И вот старик со старушкой добрались до дома своего маленького друга. Воробей очень обрадовался их приходу. Он вышел встречать их с женой и своими детишками, и все они поклонились старикам до земли. Затем воробей провел их в дом, а его жена и дети поспешили накрыть на стол: они принесли вареный рис, рыбу, салат и сакэ.

Когда солнце стало клониться к закату, старик со старушкой засобирались домой. Воробей вынес две корзины.

– Хочу подарить вам подарок, – сказал он. – Какую из них возьмете?

Одна корзина была очень большая и выглядела тяжелой, а вторая была маленькой и легкой на вид.

Старики решили не брать большую корзину, побоявшись, что в ней все богатство воробья. Они ответили:

– Путь далек, а мы стары. Мы возьмем корзину поменьше.

Взяли они корзину и отправились домой через гору и мост, счастливые и довольные. Придя домой, они решили посмотреть, что же подарил им воробей. В корзине лежали свертки шелка и груда золота – такое богатство, о каком они не смели и мечтать.

А злая старуха, что отрезала воробью язык, следила из-за приоткрытой двери за тем, как соседи разбирают корзину. Увидав свертки шелка и груду золота, она и сама захотела заполучить такой подарок.

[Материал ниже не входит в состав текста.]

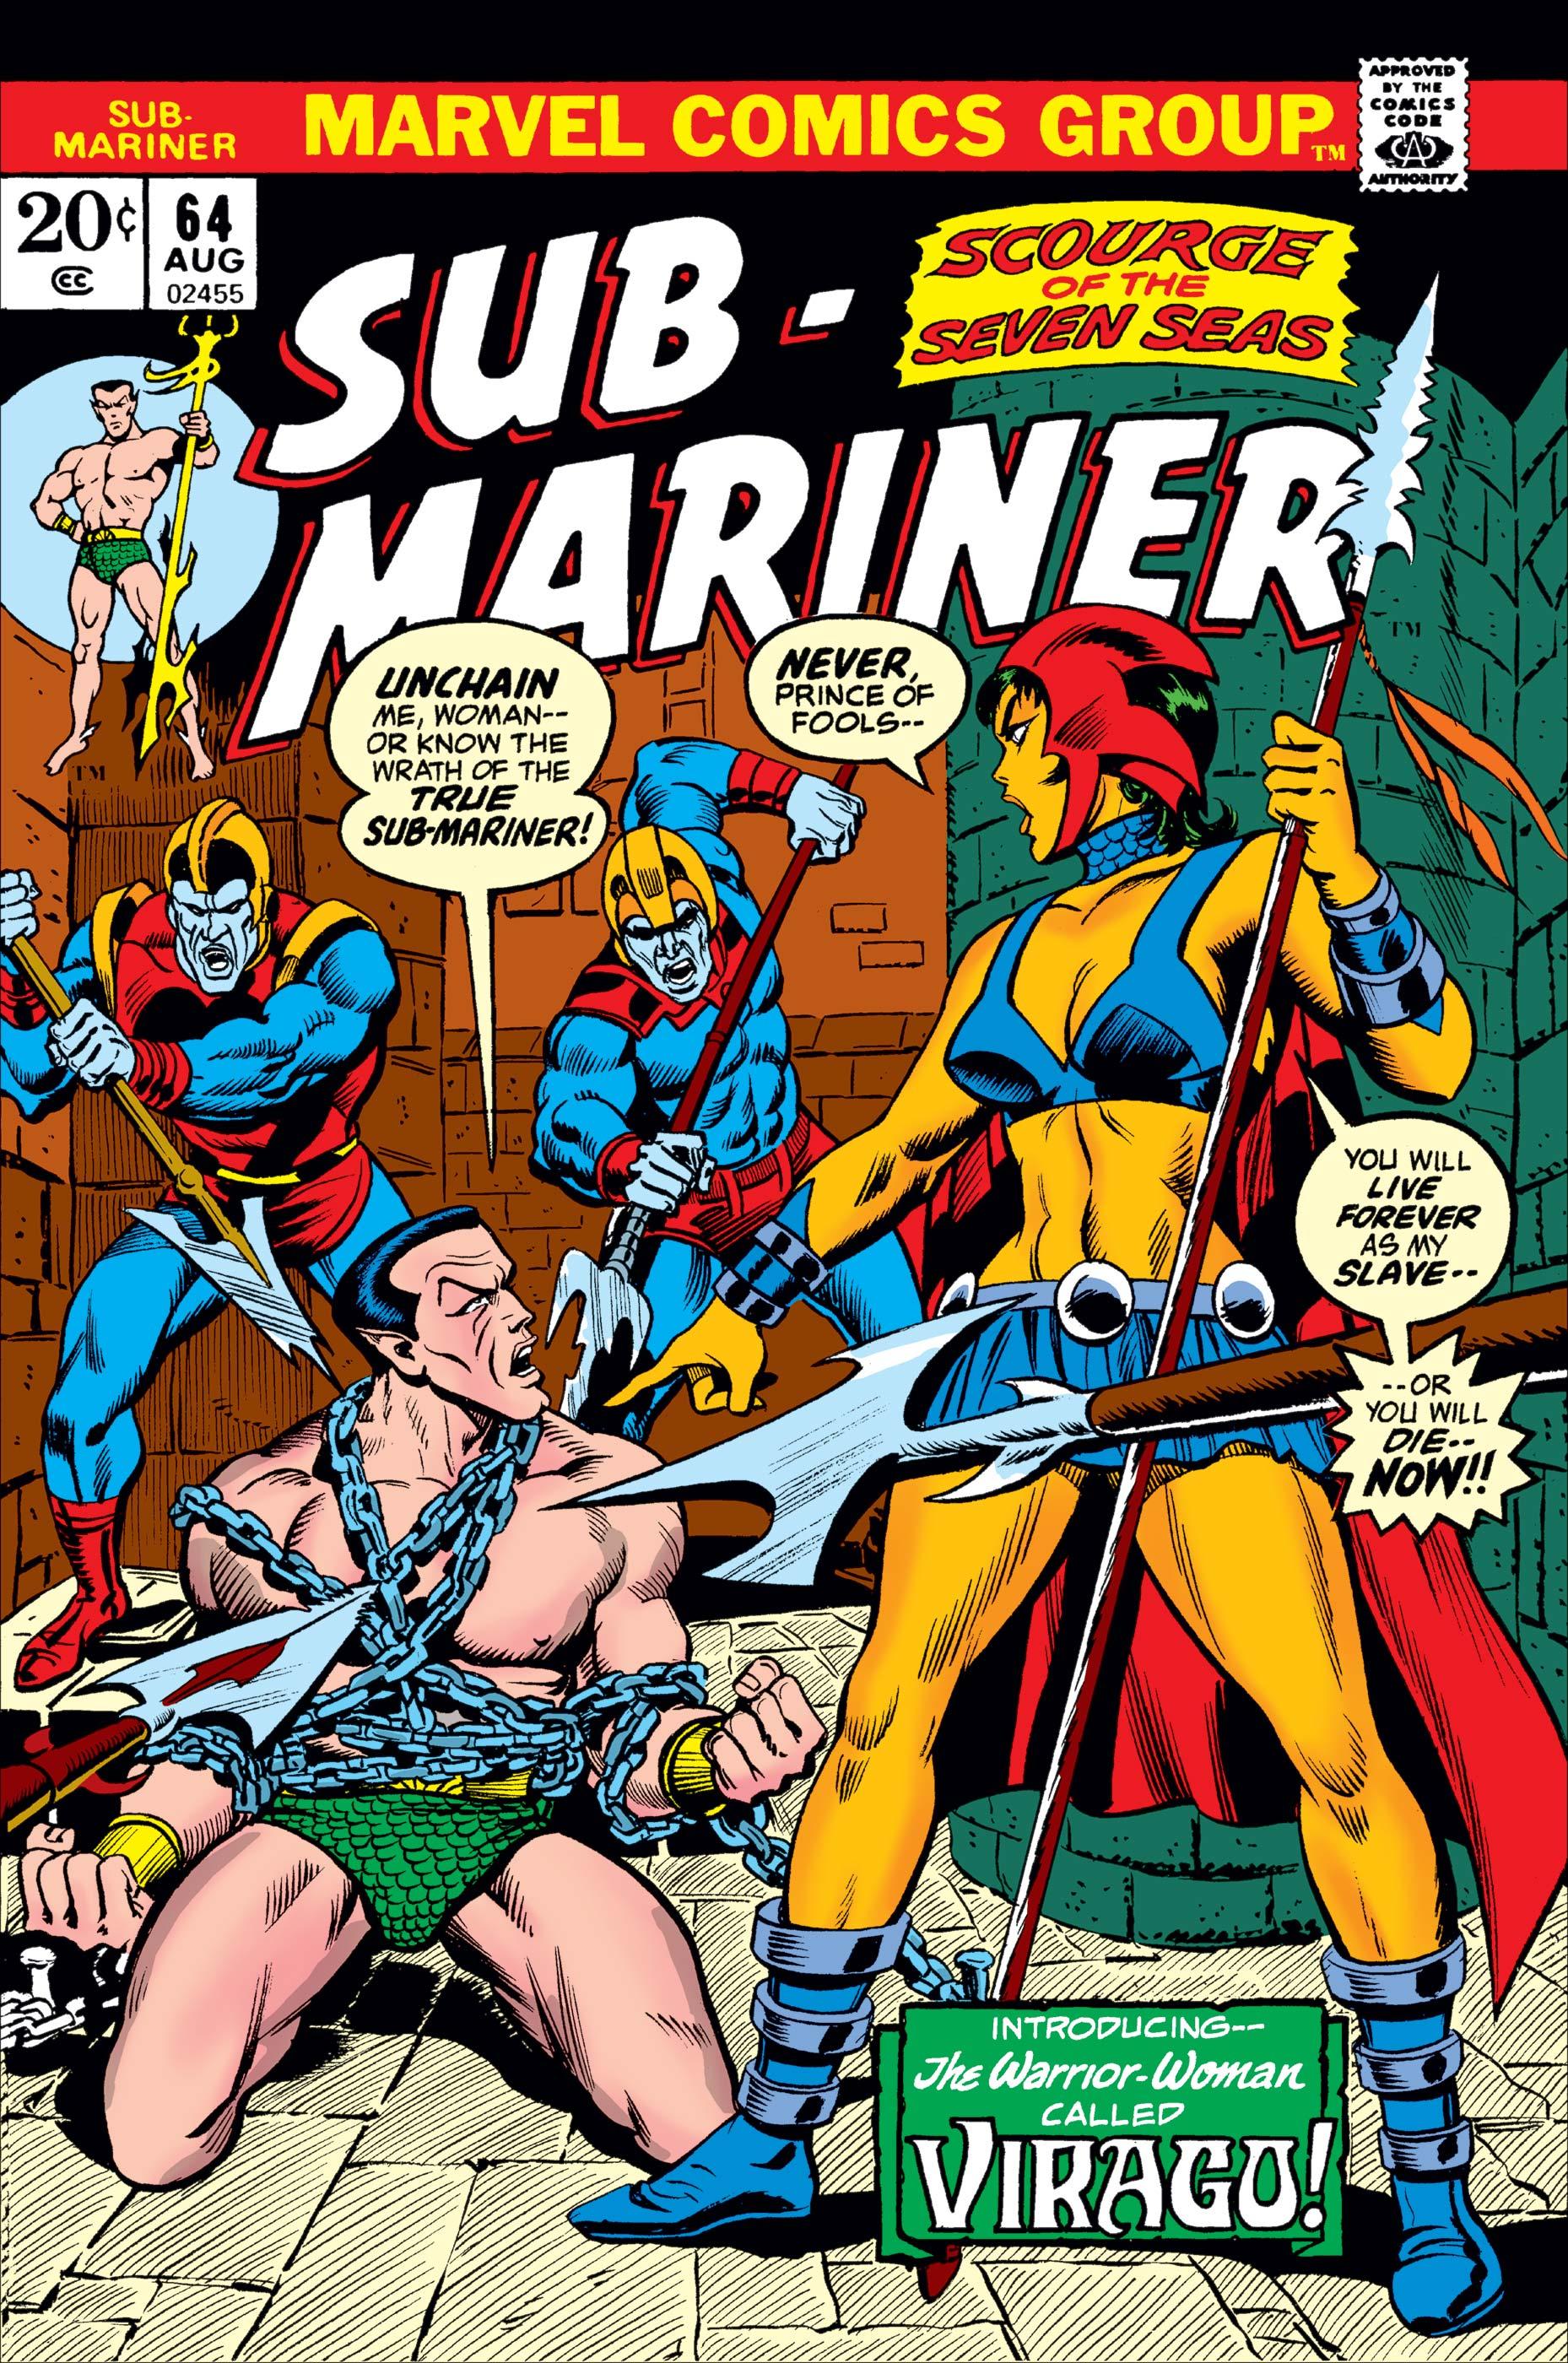 Sub-Mariner (1968) #64

На следующее утро пришла она к доброй старушке и сказала:

– Мне так жаль, что я отрезала язык вашему воробью. Расскажи мне, как отыскать его дом. Я пойду к нему и попрошу прощения.

Добрая старушка рассказала ей, как отыскать дом воробья, и злая старуха отправилась в путь. Она перешла через мост, поднялась в гору и прошла через лес. Наконец она добралась до дома воробушка. Он не слишком ей обрадовался, но был так добр, что все равно поприветствовал ее как гостью. Когда она собралась домой, он, как и в прошлый раз, вынес две корзины. Конечно же, злая старуха выбрала ту, что побольше. Эта корзина была тяжелая и такая большая, что цеплялась за ветки, пока старуха шла через лес.

Домой она добралась полумертвая от усталости, но тут же поплотнее задвинула двери, чтобы никто не мог заглянуть в дом, и открыла свой подарок.

Ох, какое же там было богатство! Едва она открыла корзину, как из нее вырвался целый рой жутких тварей. Они стали ее жалить и кусать, гонять по комнате, царапать и смеяться над ее воплями. Наконец она добралась до стены и раздвинула дверь-ширму, чтобы сбежать от этих чудовищ. Но тут же вся стая набросилась на нее, подняла ее с пола и унесла в ночную тьму. С тех пор о злой старухе никто не слышал {136}.